Dario Amodei, CEO of Anthropic, in a recent post. He cited the company’s commitment to moving the ball forward on transparency around large language models and other AI tools. This initiative includes modest support for California’s AI safety bill, SB 1047. Amodei stressed the need for understanding these intricate systems. As AI technology develops almost daily, this comprehension becomes essential.
Amodei remarked, “I am very concerned about deploying such systems without a better handle on interpretability.” This statement is indicative of a new and emerging fear among AI developers – that the models powering AI are black boxes. He characterized these models as something “more grown than built.” This means that their development often escapes the robust scrutiny that would apply to such effects through a normal engineering and design process.
Amodei suggested a revolutionary concept to make the inner workings of AI systems transparent. He recommended ongoing “brain scans” or “MRIs” of advanced AI systems. As an example, he noted that Anthropic has made early progress on understanding how models come up with their answers. He cautioned that the biggest hurdles are yet to come. The company claims there are millions of such circuits embedded in AI models. They have yet to actually map most of them out.
In a recent essay, Amodei highlighted the chasms in researchers’ understanding of how leading AI models work. He noted that this poor understanding has created incredible barriers in practice. Additionally, he understood that achieving a full understanding would take five to ten years. This is a big change from his previous projection of reaching the point of no return by 2026 or 2027.

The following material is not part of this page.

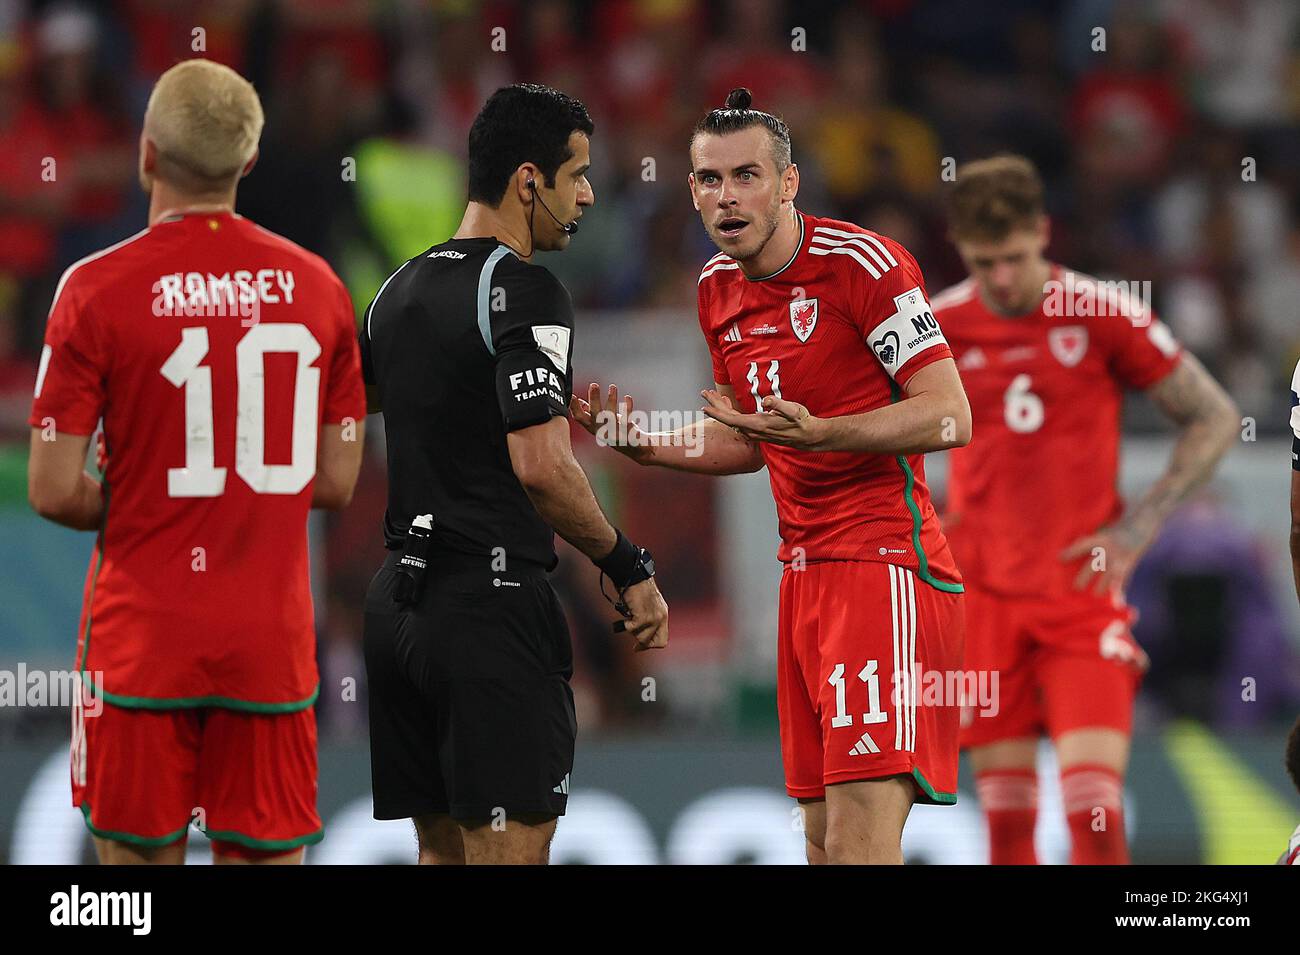 Al-Rayyan, Qatar. 21st Nov, 2022. Al Rayyan, Qatar. 21st Nov, 2022. AL-RAYYAN, AR - 21.11.2022: USA VS WALES - BALE Gareth of Wales and Referee Al Jassim Abdulrahman during a match between the United States and Wales, valid for the group stage of the World Cup, held at the Ahmed bin Ali Stadium in Al-Rayyan, Qatar. (Photo: Rodolfo Buhrer/La Imagem/Fotoarena) Credit: Foto Arena LTDA/Alamy Live News Credit: Foto Arena LTDA/Alamy Live News Credit: Foto Arena LTDA/Alamy Live News Stock Photo

Even with this understanding, Amodei is hopeful about Anthropic’s lofty prediction to consistently identify the majority of AI model issues by 2027. The company has been sinking unprecedented sums into interpretability research. A few years ago, for example, it made a pretty big investment in a startup focusing exclusively on this space.
An AI model recently trained to understand the geographic relationship between U.S. cities and states pinpointed a particular circuit that accounts for this type of understanding. This is an important breakthrough for improving interpretability and understanding how AI is making associations and reaching decisions.
Keenly aware of how fast the tech landscape is changing. For one, Amodei has spoken out against the prospect of an out-of-control global AI race. He has called on the U.S. to go further and impose export controls on all advanced chips going to China to reduce this risk. He termed this situation “a nation of brilliant people locked up in a data bank.” It is a wake-up call to hasten addressing the consequences that come with breakneck speed AI development.